I got some wood from a barn that was being torn down, some cherry and some wood the barn owner told me was black walnut, but I am not so sure. When I got it cleaned up it looked more like oak to me. It's VERY heavy wood. 
The pictures are before and after cleanup. I have to resaw most of the boards as they are 2+ inches thick. Good thing I bought that big old bandsaw.  The wood was all free and there is more to be had but I don't have much room for storage. I think I got all the cherry though, 6 planks that were being used for a stall partition.
I also got some old doors that I think are just pine but again not sure.
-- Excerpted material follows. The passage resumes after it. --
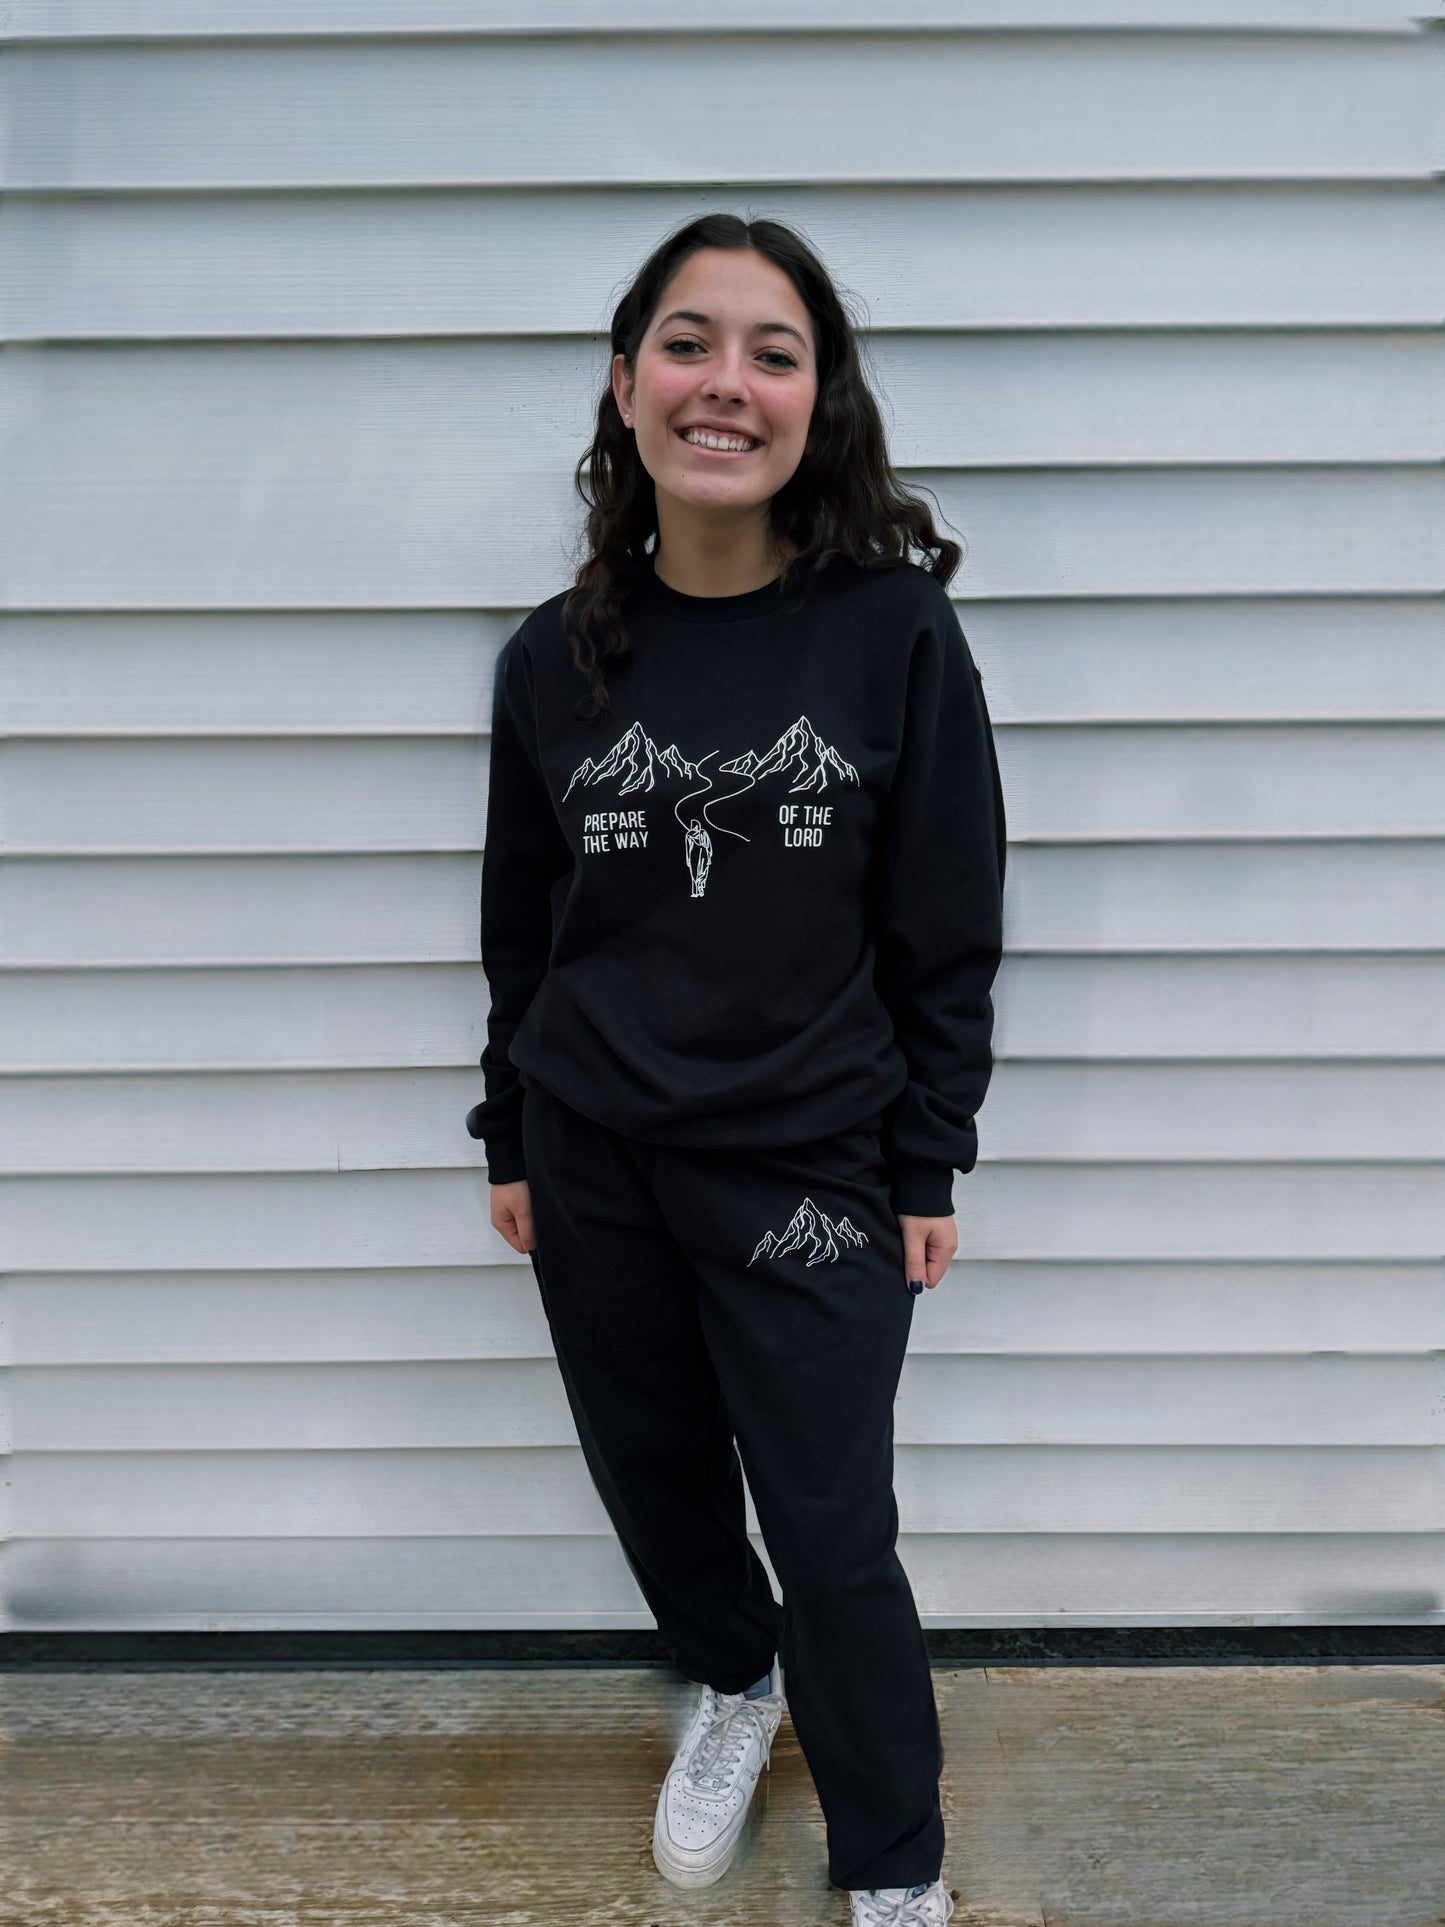 Prepare the way of the Lord Sweatpants – Alabaster Apparel Shop

I doubt the pictures will help much in identifying it but thought I'd give it a shot.


----------



## bobj3 (Jan 17, 2006)

Hi Deb

Some people are just luicky  nice haul,,,it's going to make some nice projects,use the chart below it may help find out what it is..

========



CanuckGal said:


> I got some wood from a barn that was being torn down, some cherry and some wood the barn owner told me was black walnut, but I am not so sure. When I got it cleaned up it looked more like oak to me. It's VERY heavy wood.
> The pictures are before and after cleanup. I have to resaw most of the boards as they are 2+ inches thick. Good thing I bought that big old bandsaw.  The wood was all free and there is more to be had but I don't have much room for storage. I think I got all the cherry though, 6 planks that were being used for a stall partition.
> I also got some old doors that I think are just pine but again not sure. I doubt the pictures will help much in identifying it but thought I'd give it a shot.


----------



## CanuckGal (Nov 26, 2008)

BJ I checked out your link and some of the info Keith posted and I am now leaning toward it probably being Ash. Still I am not complaining! Free lumber is ALWAYS nice


----------



## Bob N (Oct 12, 2004)

Nice stash Deb.... I can see all kinds of future projects just waiting to happen. :yes4:


----------



## Dr.Zook (Sep 10, 2004)

Nice Deb, is all I can say. I envy your find of free wood.


----------



## harrysin (Jan 15, 2007)

"Nice Deb, is all I can say. I envy your find of free wood."

It sure is a nice haul Deb, but Dave, if I could arrange for a similar haul to be dropped off at YOUR place, will you promise to start making things, anythings!
__________________


----------